HK court rejects refugees' bid for right to work
The Hong Kong Court of Final Appeal is pictured in Hong Kong on March 25, 2013 - by Antony Dickson
The Court of Final Appeal unanimously rejected an appeal lodged by four refugees and torture claimants over their right to work, saying that there are no "constitutional rights" in local laws to grant them employment status.
The ruling upheld an earlier decision by a lower court in 2012. There is currently a ban on asylum seekers, torture claimants and refugees taking employment, unless they are granted a "discretionary permit" by immigration.
"Regrettably the court sweeps away fundamental rights and legal logic in the name of the vague concept of immigration control," a lawyer representing the protection claimants, Mark Daly, told AFP.
"It is reminiscent of the domestic helper case where the court again fails to take the opportunity to safeguard human dignity and protect the most vulnerable amongst us," he said, referring to an earlier court ruling which refused domestic workers the right of abode.
Charities warned the Court of Final Appeal's decision would damage Hong Kong's image.
“This judgement is extremely disappointing and is a setback to Hong Kong's reputation as a place where human rights are respected," Aleta Miller, executive director of Hong Kong Refugee Advice Centre, said in a statement.
Those who flee threats of torture and persecution in their homeland, may eye Hong Kong as a destination for its rule of law and prosperity, but for many who arrive living conditions are dire, rights groups have said.
"You have people staying here for five to 10 years with no legal status and no income whatsoever.
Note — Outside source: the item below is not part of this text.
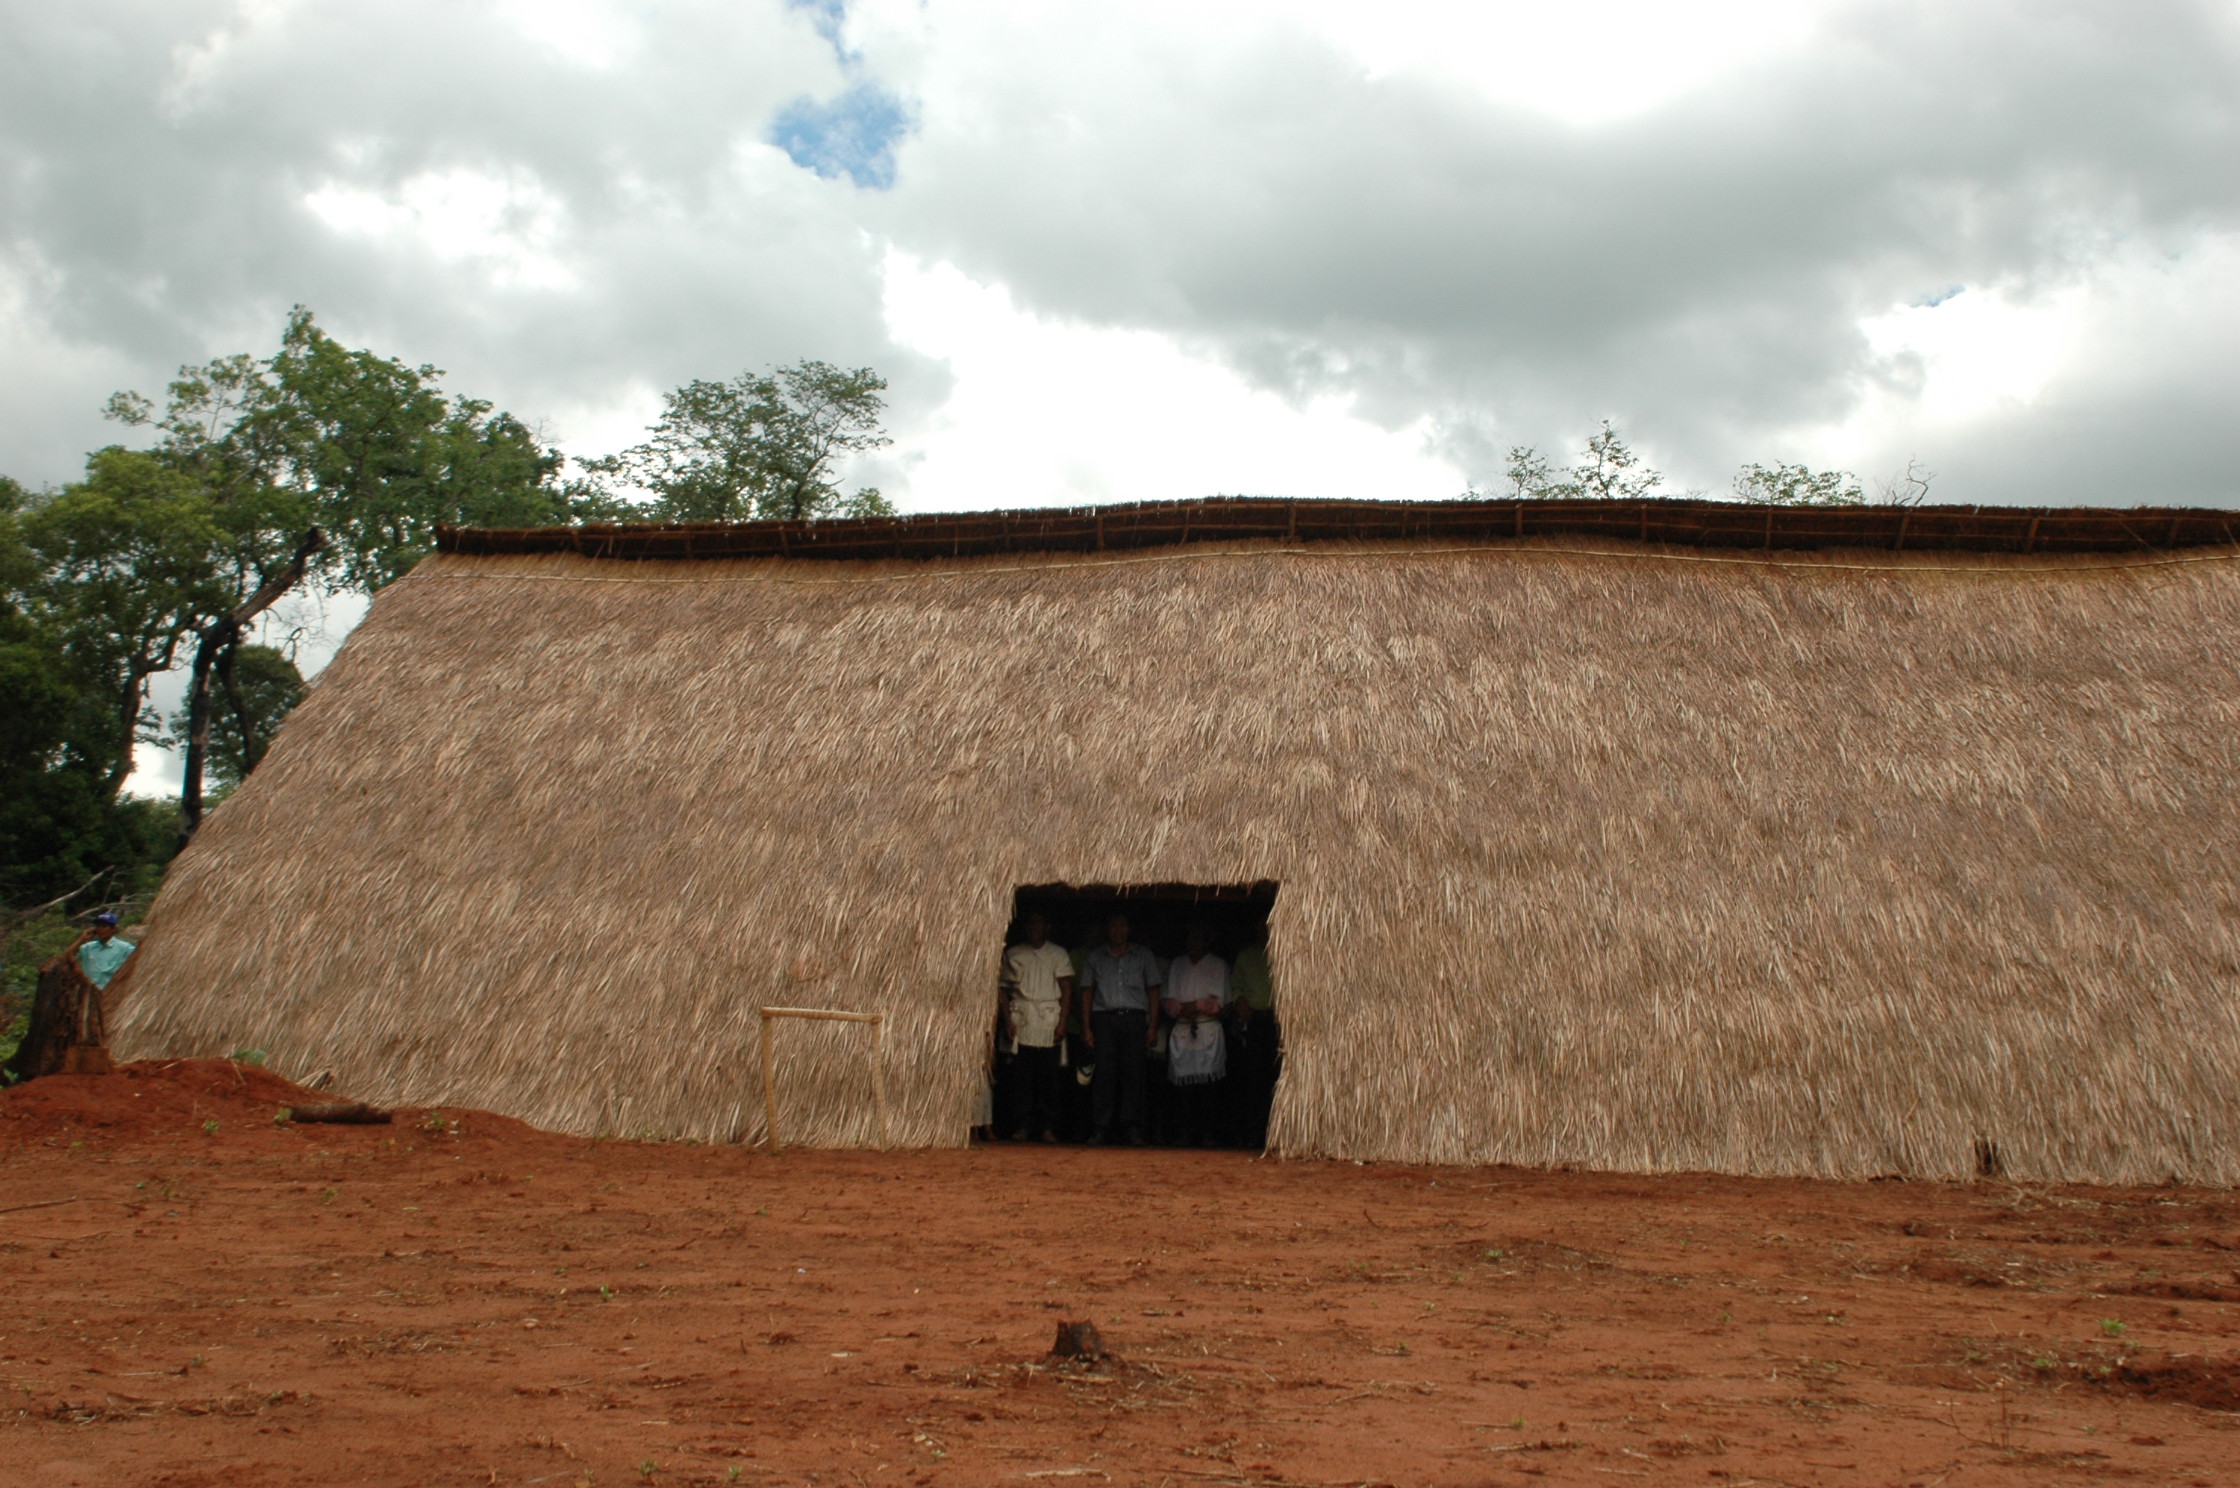 Óga jekutu. Casa ceremonial paĩ tavyterã, guarani. Fotografía: Rocío Ortega. Jaguati, Departamento de Amambay. 2011.

They eat rotting food and are housed in places not fit for human inhabitation," Victoria Otero, an activist with the centre, told AFP.
She added that some may be pushed into working illegally or a life of crime.
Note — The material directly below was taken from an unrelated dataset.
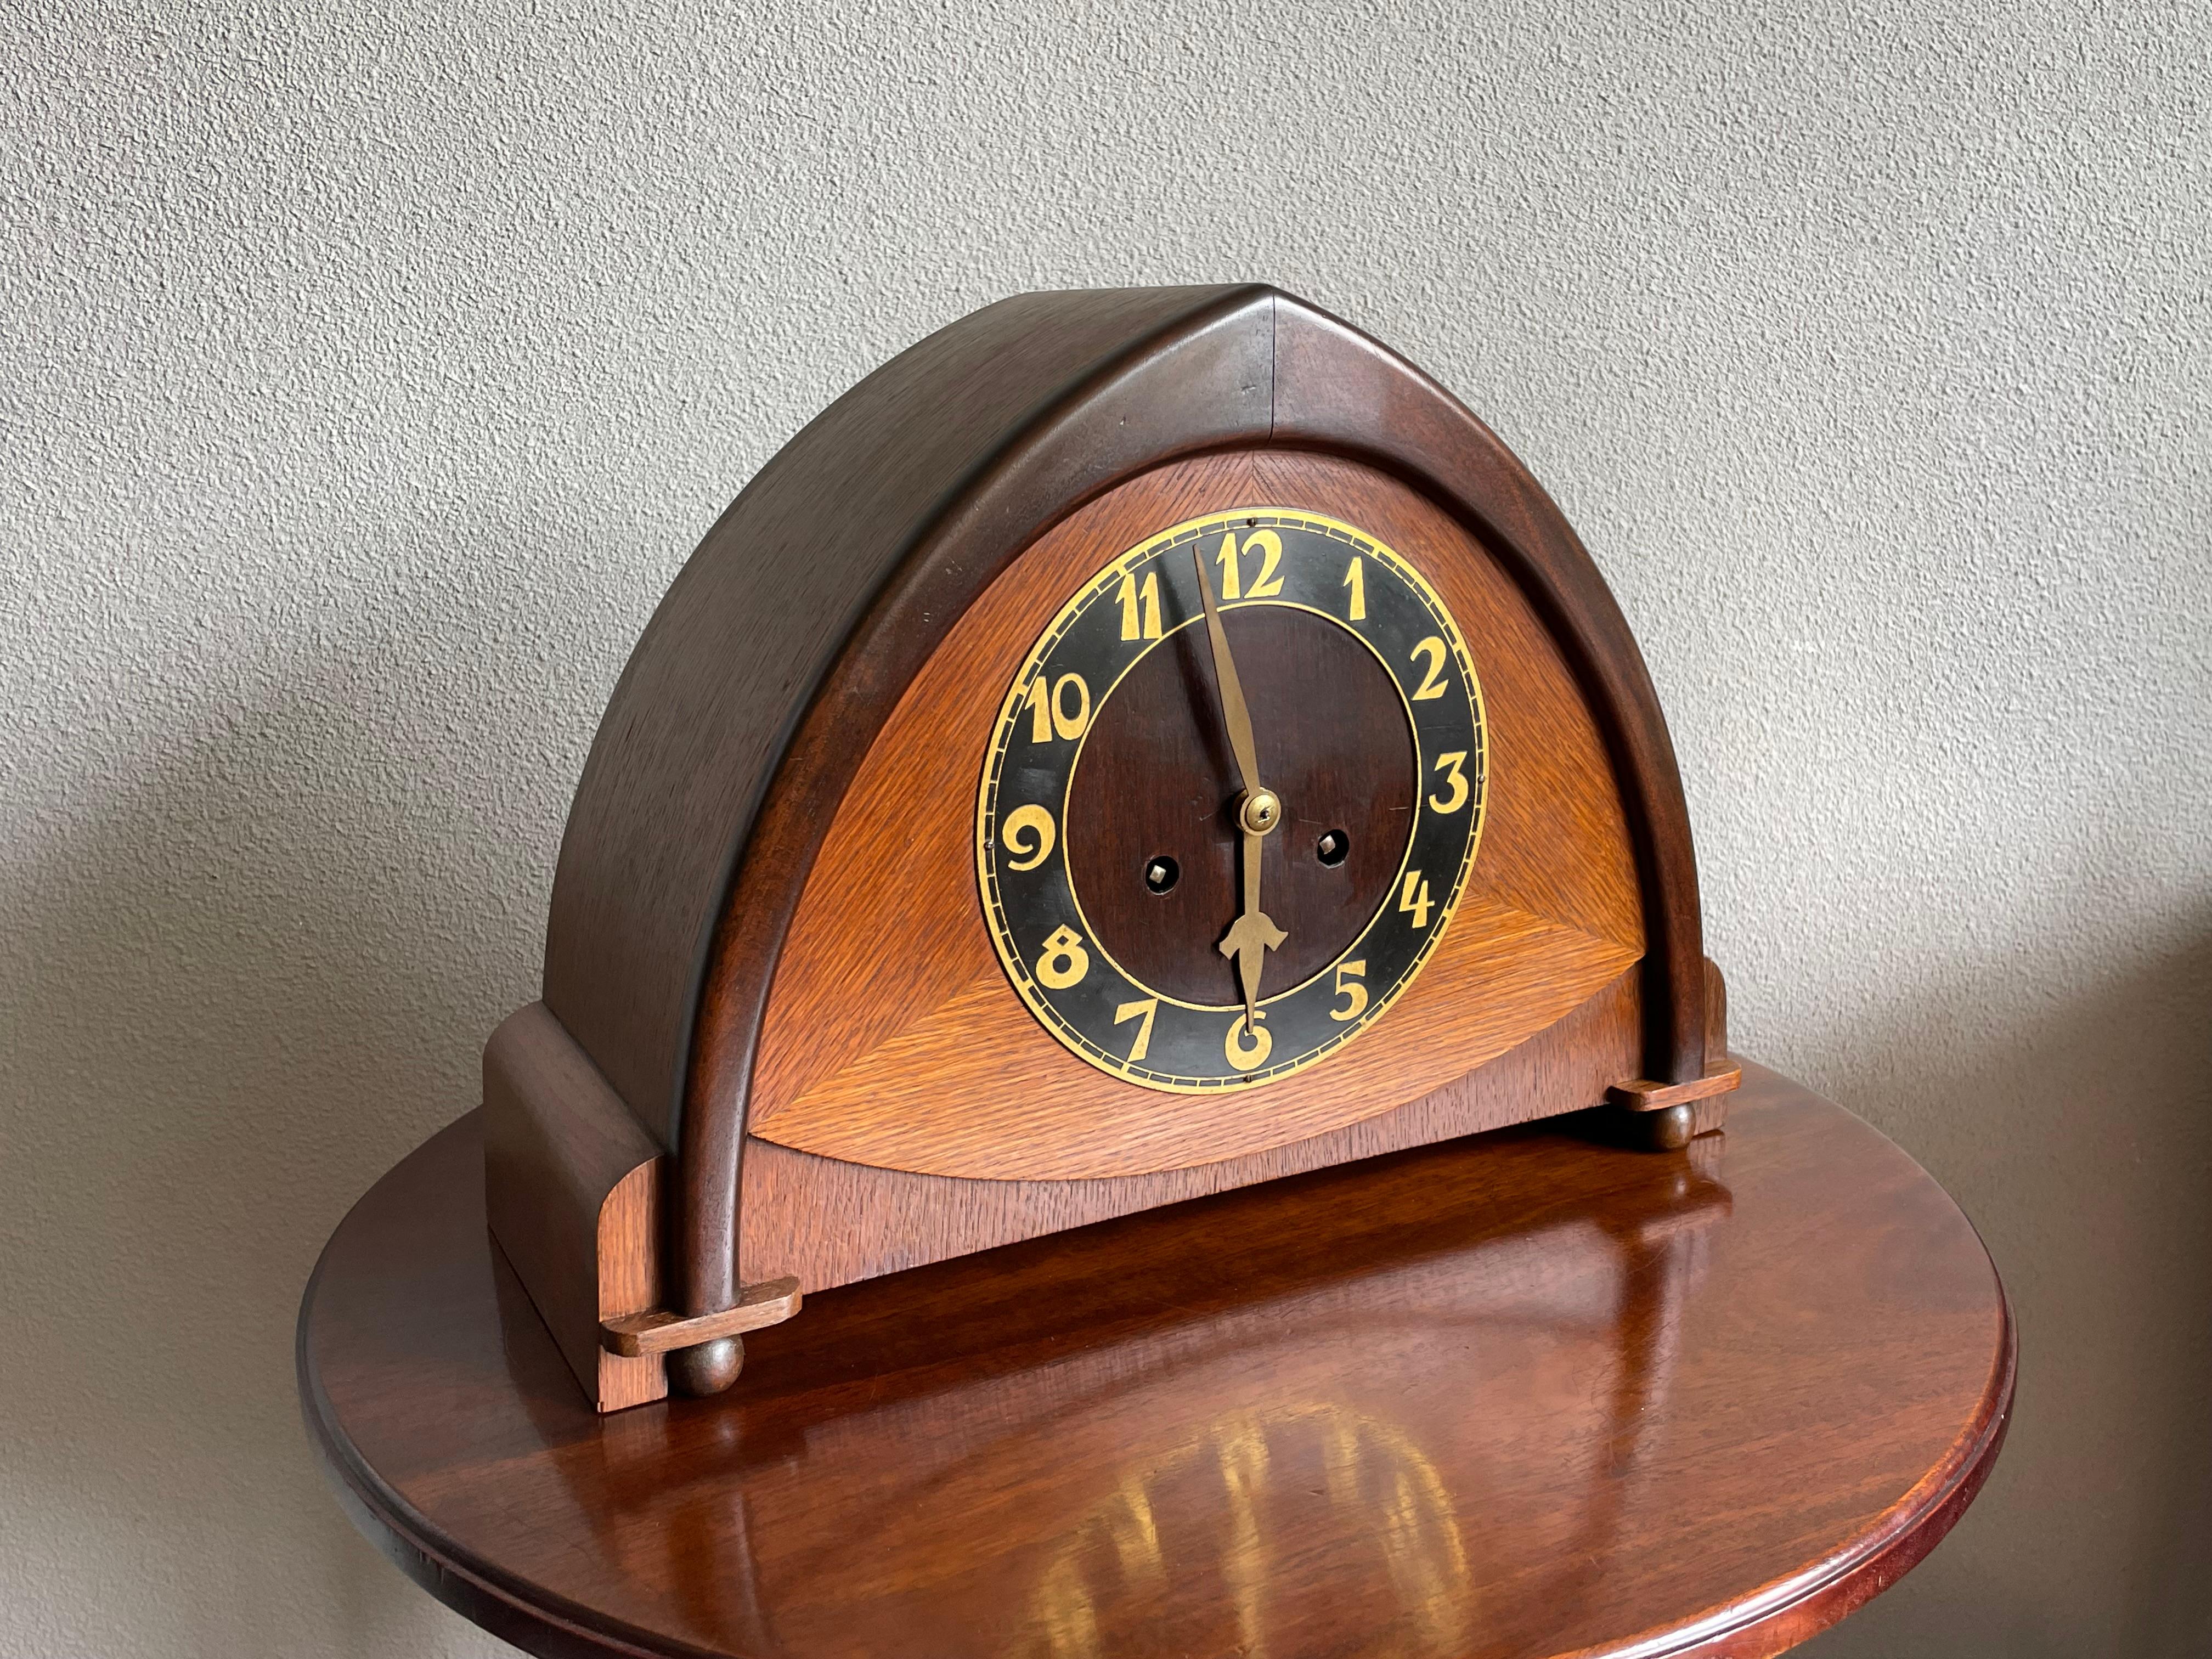 1915 on a clock

Asylum seekers can wait for years in Hong Kong's much-criticised "dual track" system.
The issue of handling of refugees is a complicated one for the territory, where there are two main paths for application. One is overseen by the United Nations High Commissioner for Refugees (UNHCR), the other by the government.
The UN's 1951 Refugee Convention, of which mainland China is a signatory, has not been extended to Hong Kong, which says it therefore has no legal obligation to grant asylum to refugee cases. It refers these to the UNHCR, which then sends those cases elsewhere.
Those who are granted refugee status, are not allowed to work. Therefore, they have to rely on a government-backed allowance handed to them through local social workers.
The city's government has boosted the monthly rent allowance from HK$1,200 ($155) to HK$1,500, but activists groups said it is far from enough in a city known for its high rents and cost of living.